Data for Salmonella and Campylobacter infections suggest that antimicrobial resistance strains are somewhat more virulent than susceptible strains, either via prolonged or more severe illness.

Fluoroquinolone-resistant infections (stemming from administration of antimicrobials to food animals) lead to an estimated 400,000 excess days of diarrhea per year in the United States relative to fluoroquinolone-susceptible infections.

Review of Assessments of the Human Health Risk Associated with the Use of Antimicrobial Agents in Agriculture (Bailar and Travers)

Published risk assessments of antimicrobial use in agriculture are likely to underestimate risk to human health because they are subject to multiple limitations in scope.

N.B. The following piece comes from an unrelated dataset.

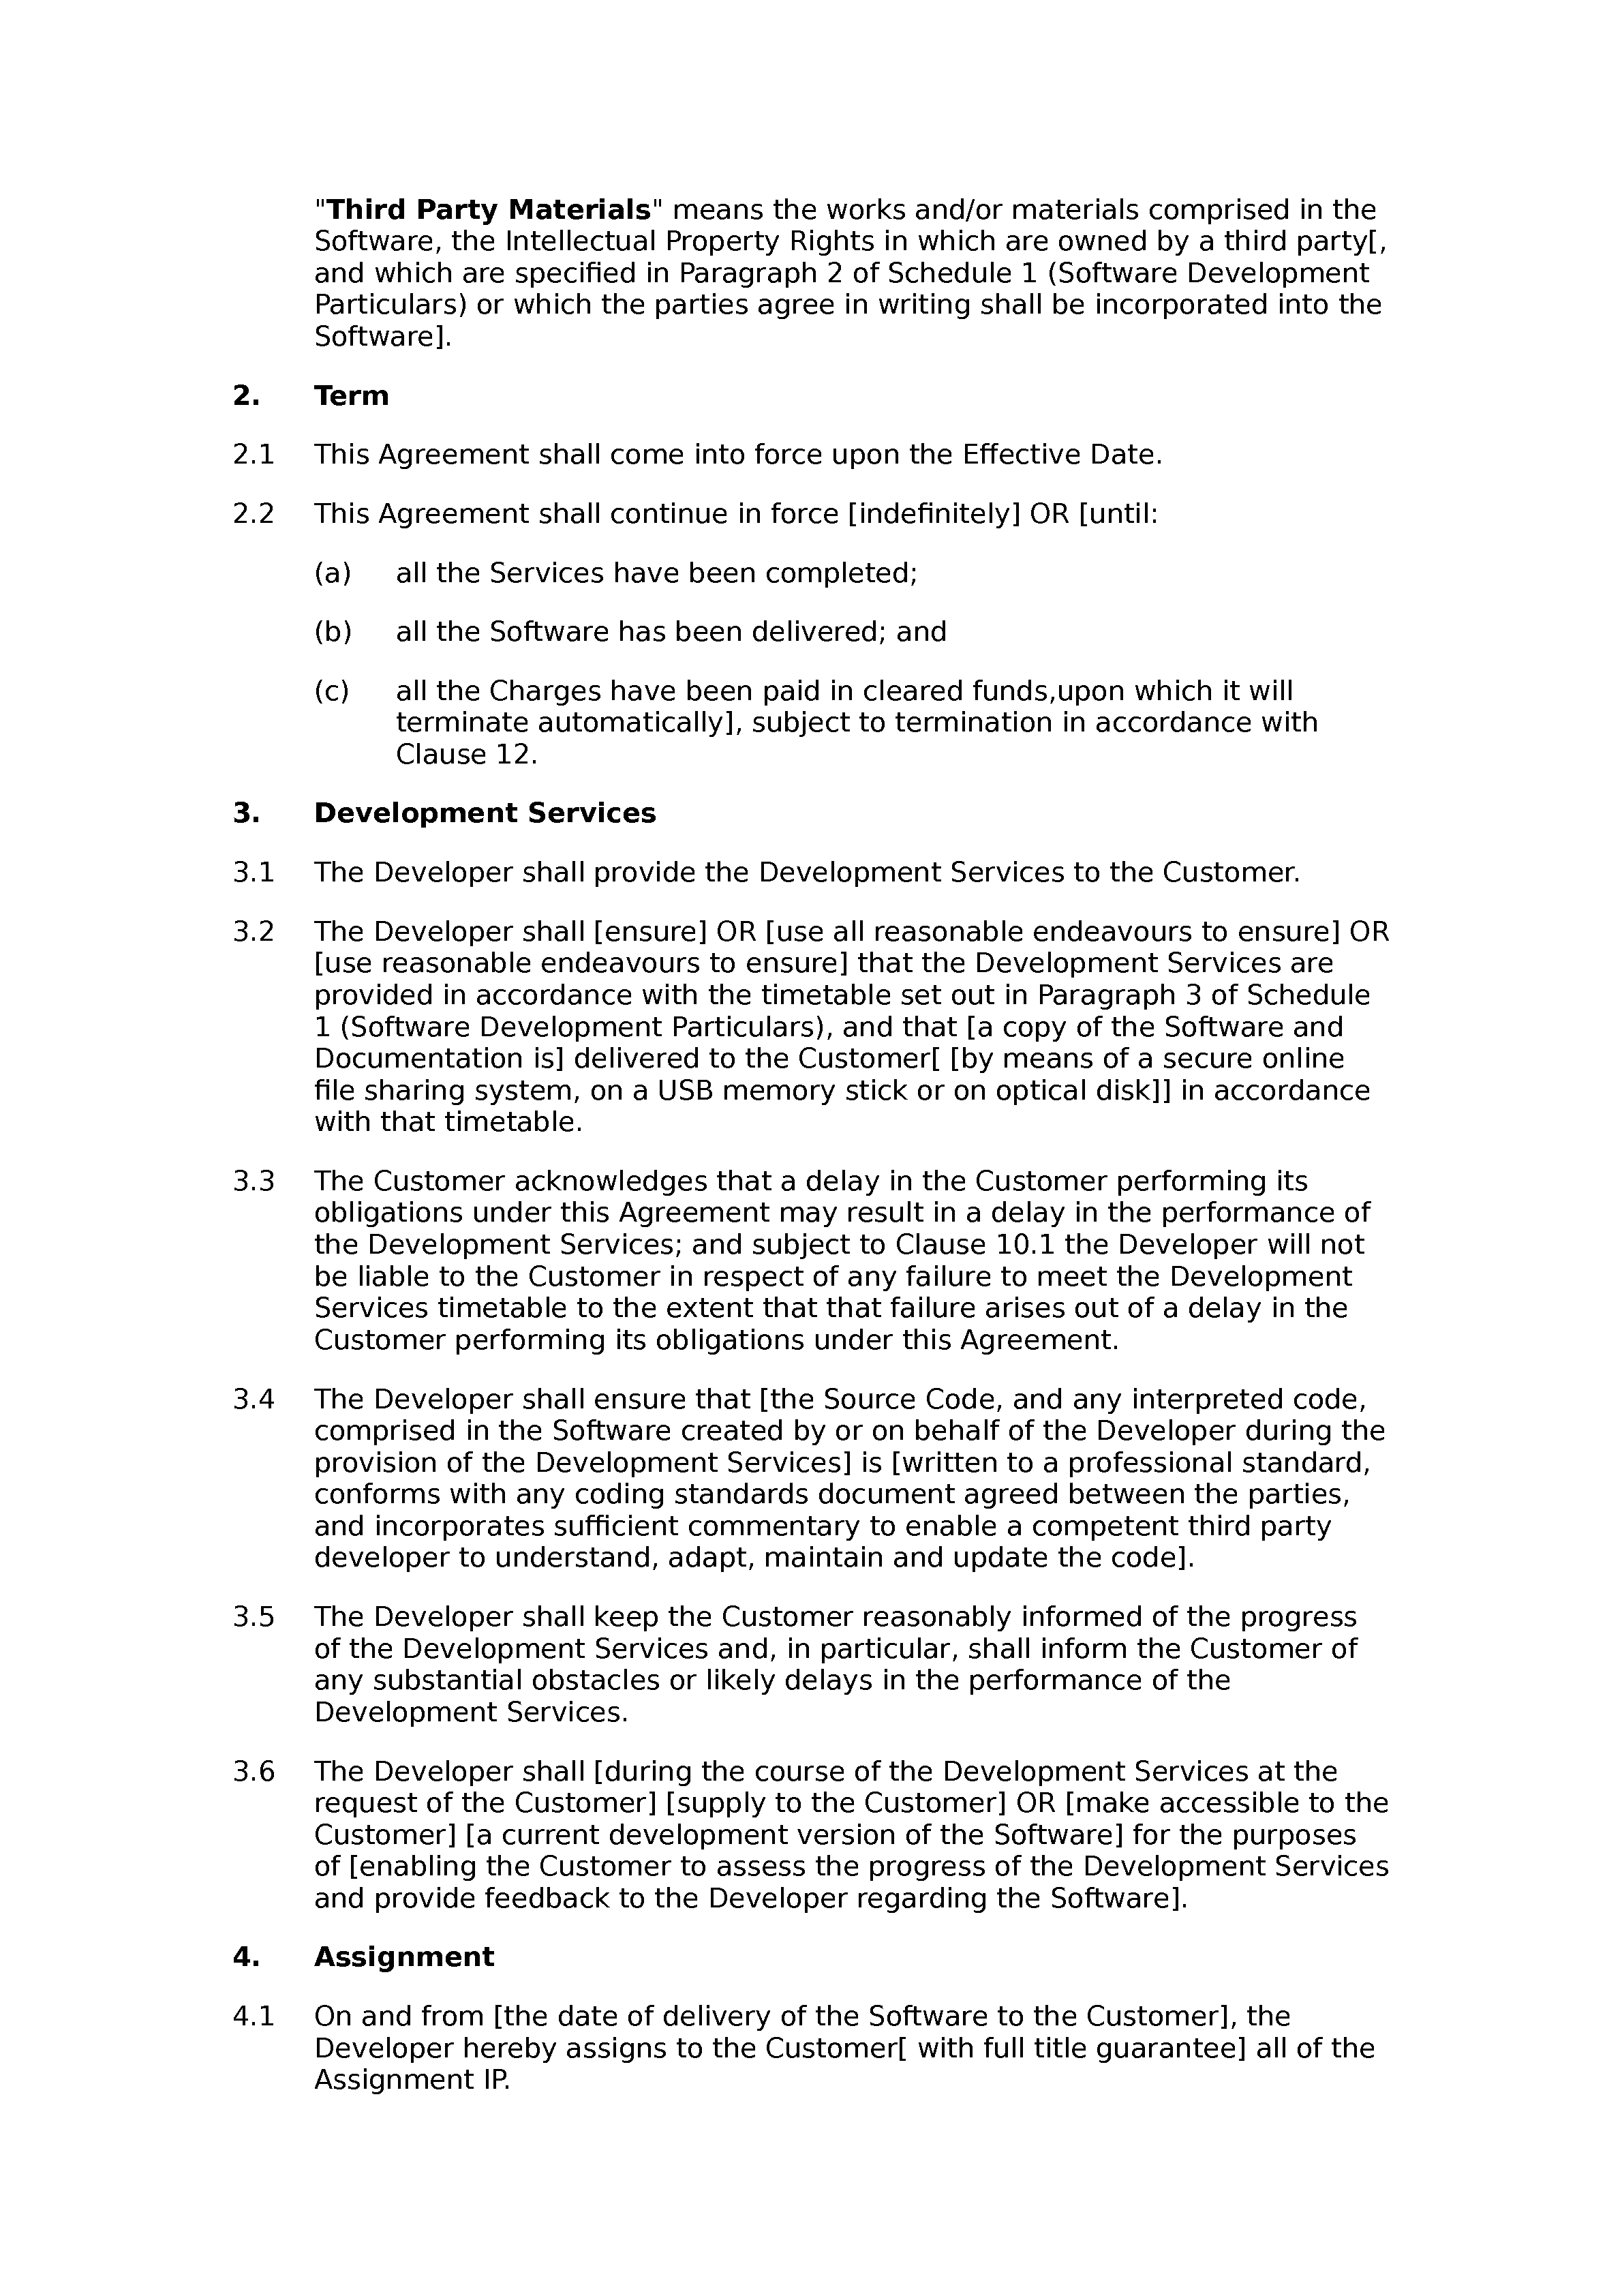 Software development agreement (basic) document preview

Two of the most serious limitations include (i) a tendency to limit the scope of analysis to what has happened in the past, ignoring the potential for cumulative effects in the future; and (ii) a tendency to examine the effect of resistance on only one species of microorganism, ignoring the potential for transfer of resistance.

Conclusions

On the basis of the scientific evidence in this Report, the FAAIR Scientific Advisory Panel reached these conclusions:

All uses of antimicrobials in animals, agriculture, and humans contribute to the global pool of antimicrobial resistance genes in the environment.

Antimicrobial resistance in pathogenic bacteria limits treatment options; raises health care costs; and increases the number, severity, and duration of infections.

Commensal bacteria also contribute to the antimicrobial resistance problem by serving as reservoirs of resistance genes transferable to pathogenic bacteria.

It is estimated that, in the United States, the amount of antimicrobials administered to animals is comparable to that used in humans. In contrast to use in humans, much of the antimicrobial use in food animals consists of administration to large groups for nontherapeutic applications, such as growth promotion and disease prevention.

Antimicrobial use in food animal production selects for resistant strains and amplifies their persistence and dissemination in the environment.

Transfer of bacteria from food animals to humans is a common occurrence.

Use of antimicrobials in food animals contributes to the growing problem of antimicrobial resistance in animal and human infections.

Therefore, the committee concludes that the elimination of nontherapeutic use of antimicrobials1 in food animals and in agriculture will lower the burden of antimicrobial resistance in the environment, with consequent benefits to human and animal health.

Footnotes

  • a FAAIR Scientific Advisory Panel members are listed in the Acknowledgment.

  • Except for ionophores and coccidiostats, for which current evidence indicates no direct or environmentally mediated risk to human health.